Show us the money.
The Philippine stock market is on track to end the year about 10-percent down from where we started, disappointing of course. Year-on-year economic growth was recorded as the slowest since 2015. The annual inflation rate will be at the highest in about 10 years. Base interest rates will also end the year at about the highest level in a decade.
While it is not a matter of balancing the positives and the negatives, it is a matter of judging the broad economic picture. It is always easy and even necessary to speak of wealth and income disparity and inclusive growth.

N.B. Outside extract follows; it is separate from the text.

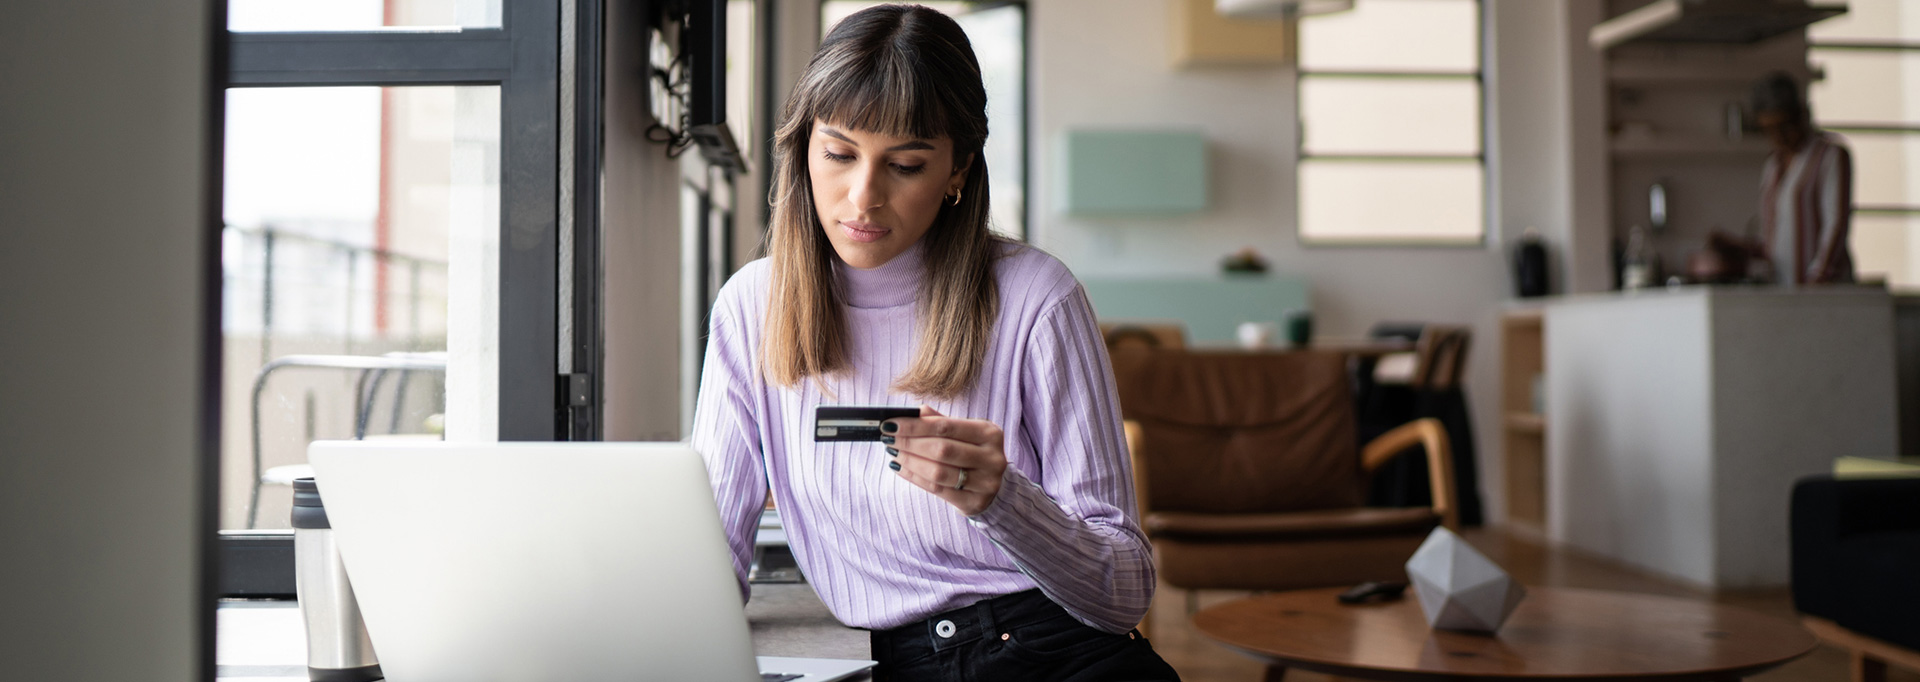 woman on computer with credit card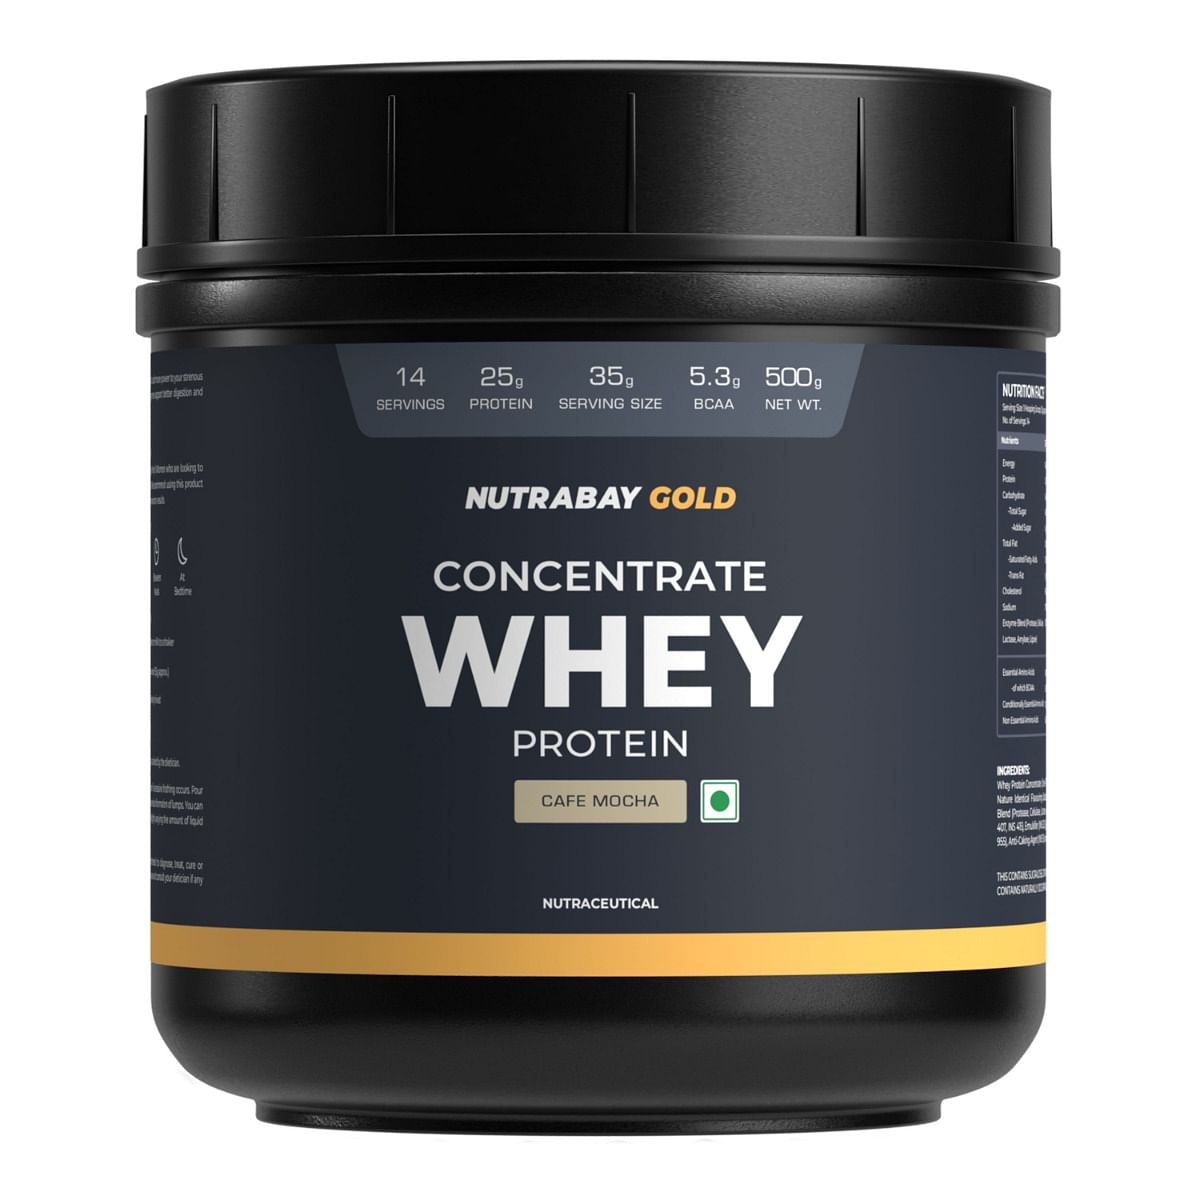 NUTRABAY Gold 100 Whey Protein 500g, 15 Servings: 25g Protein, 5.3g BCAA, 3.9g Glutamic Acid. Muscle Growth & Recovery Supplement for Men & Women.

However, these are problems that might only be resolved through major structural changes. Further, we focus much deserved attention on corruption without acknowledging that systemic problems that make investing inefficient and ineffective are a form of 'economic corruption.'
The more important concern should be the underlying strength of the Philippine economy. Unfortunately, if you listen to much of the foreign commentary about our economy, you will not hear an up-to-date appraisal. The near hysteria about 2018 inflation comes even as prices are stabilizing and even falling and without mentioning the effect of the tax increases passed earlier this year.
Maybe then it might be good to 'follow the money.'
Unless you have been living in a cave, you know China has an unlimited supply of funds available for the Philippines. Of course the economy has not seen much of that lending in 2018. But we are told that it is only a matter of time before the Philippines becomes a 'debt-slave' province of China. Also, China does not care about the government or Philippine private companies' ability to repay any loans; it is all politics.
Japan, though, may want to lend money to nations like the Philippines and Indonesia to offset Chinese influence, or maybe not. The partnership between the Japanese government and its private sector has usually been supportive. Favorable lending terms have allowed Japanese companies to win contracts even if priced a little higher than its competitors. But for the Japanese, business is usually business and not politics.
The Japanese-led Asian Development Bank is also interested in lending money to the Philippines. The ADB announced last week that it will extend loans of up to $2.5 billion annually to the Philippines, or a total of $7.4 billion from 2019 to 2021, to support the government's 'Build, Build, Build' infrastructure program. This amount was more than double the bank's annual assistance from 2011 to 2017.
ADB's objective is to reduce poverty in the region through development assistance. While there might be a slight hidden objective of pushing Japanese and United States agendas, the loans are expected to be paid.
A new US law creating a government corporation that would provide financial assistance to low or lower middle-income countries could help with the Philippines's infrastructure projects. It is called the 'Better Utilization of Investment Leading to Development or BUILD Act.' Catchy name.
Billions of dollars are now available for infrastructure projects of the 10 members of the Association of Southeast Asian Nations. Certainly this is to help counter China's influence, but here also, the loans are expected to be repaid. Deadbeat countries are not encouraged to apply.